Tapikan---Ah! Sudahlah lupakan.
Jevano terkekeh tampan sambil melihat kearah tangannya, tidak terlalu basah menurutnya. Ia pun kembali melirik ke arah Sherryn dan berkata. "Gak apa apa justru gue suka, tangan gue jadi anget karena lo!"
Kini berganti perut Sherryn yang tadi terasa mual kini begitu panas ia rasa, kata kata Jevano mampu membuatnya selalu deg degan begini.
"Sekarang---" Ujar Jevano sembari menarik tubuhnya untuk kembali tepat didepan Sherryn.
"---lo mau gue rangkul pinggang apa pundak lo?" Sambungnya dengan tatapan begitu serius dengan alis yang ia naikkan.
Belum selesai perutnya yang begitu panas, kini berganti badannya yang menjadi lemas, Sherryn bingung entah harus menolak apa justru mengiyakan tawaran Jevano.
Sherryn meneguk salivanya sendiri. "Gak usah diapa apain ka" Tuturnya polos.
Jevano tertawa terbahak bahak mendengarnya.

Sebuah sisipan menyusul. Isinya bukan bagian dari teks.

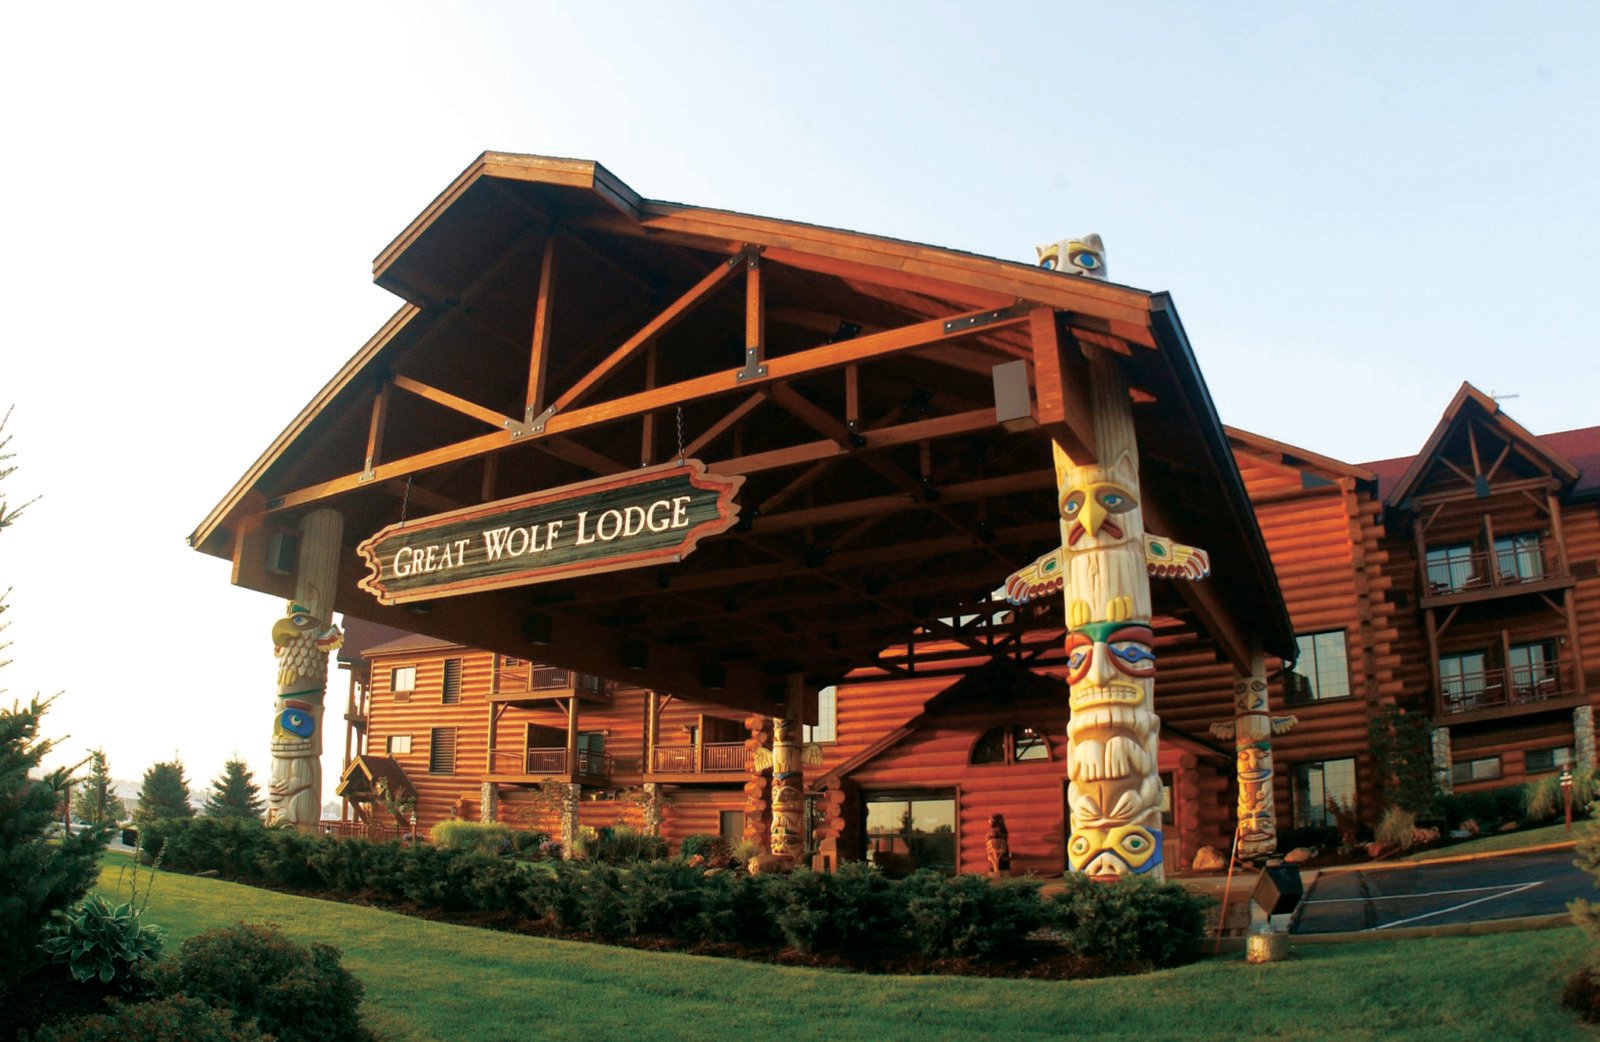 At Great Wolf Lodge

Ada ada saja pikirnya, Sherryn memang pintar dalam merusak suasana.
"Hahahahahaha, jangan tegang gitu elah santai aja," Jawabnya dengan masih keadaan tertawa.
"Yaudah gue bakal rangkul pundak lo aja biar lo gak tegang!"

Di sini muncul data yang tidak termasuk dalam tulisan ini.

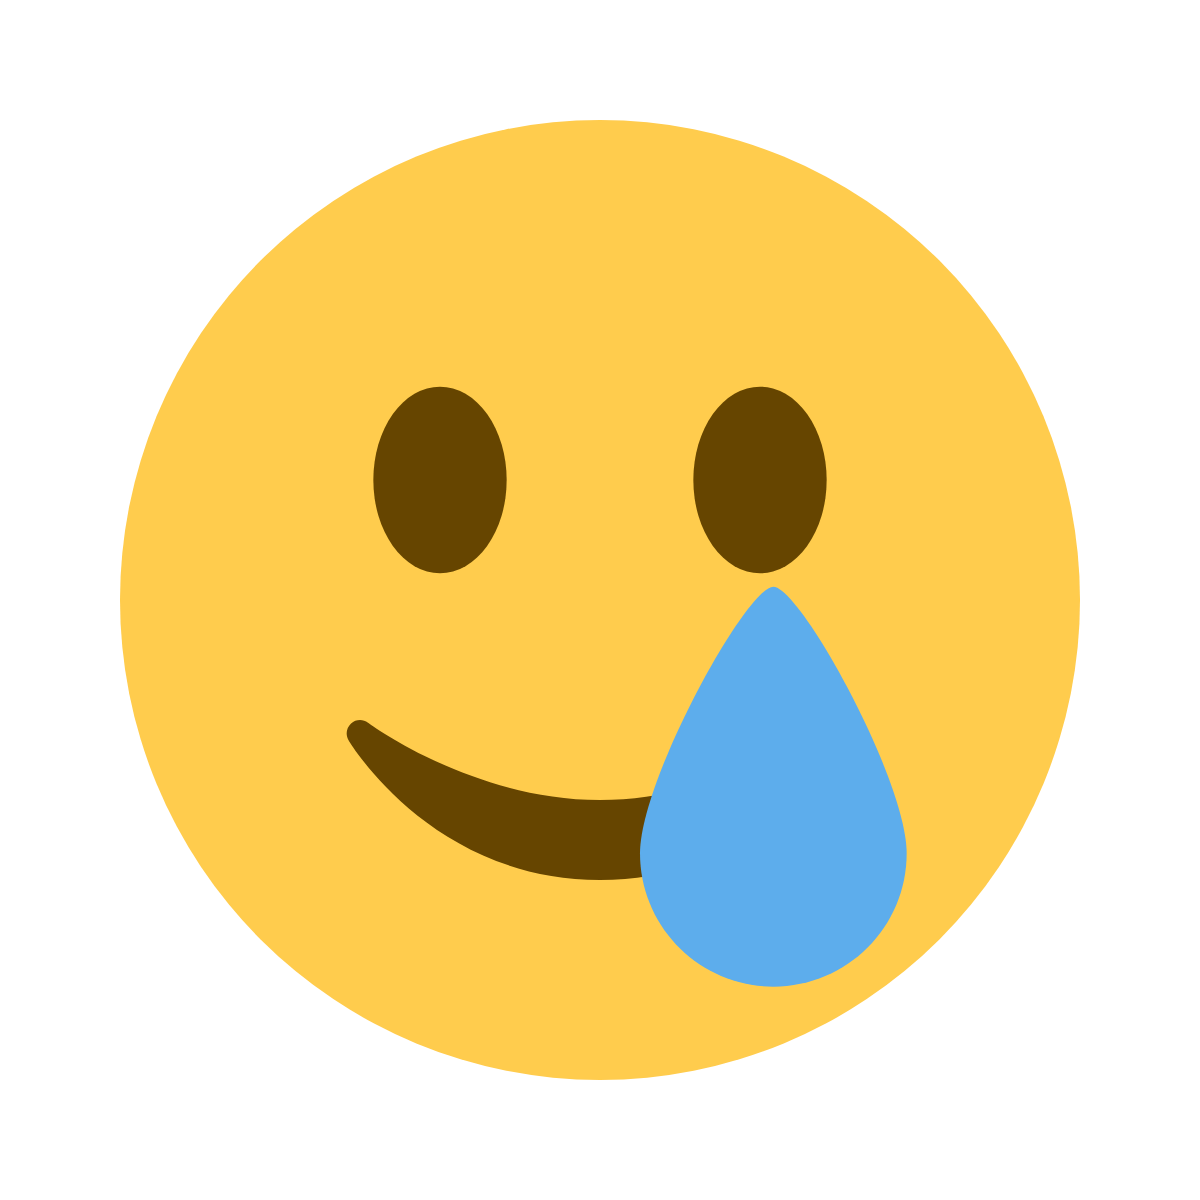 Smiling-Face-with-Tear-Emoji.png

Ini masih tegang, lagian emang harus banget apa dirangkul segala?. Batin Sherryn.
"Yuk!" Jevano benar benar melakukan apa yang ia ucapkan, ia merangkul pundak Sherryn santai dan memasukkan tangan satunya kedalam celana pendeknya berjalan santai bersama Sherryn menuju cafe.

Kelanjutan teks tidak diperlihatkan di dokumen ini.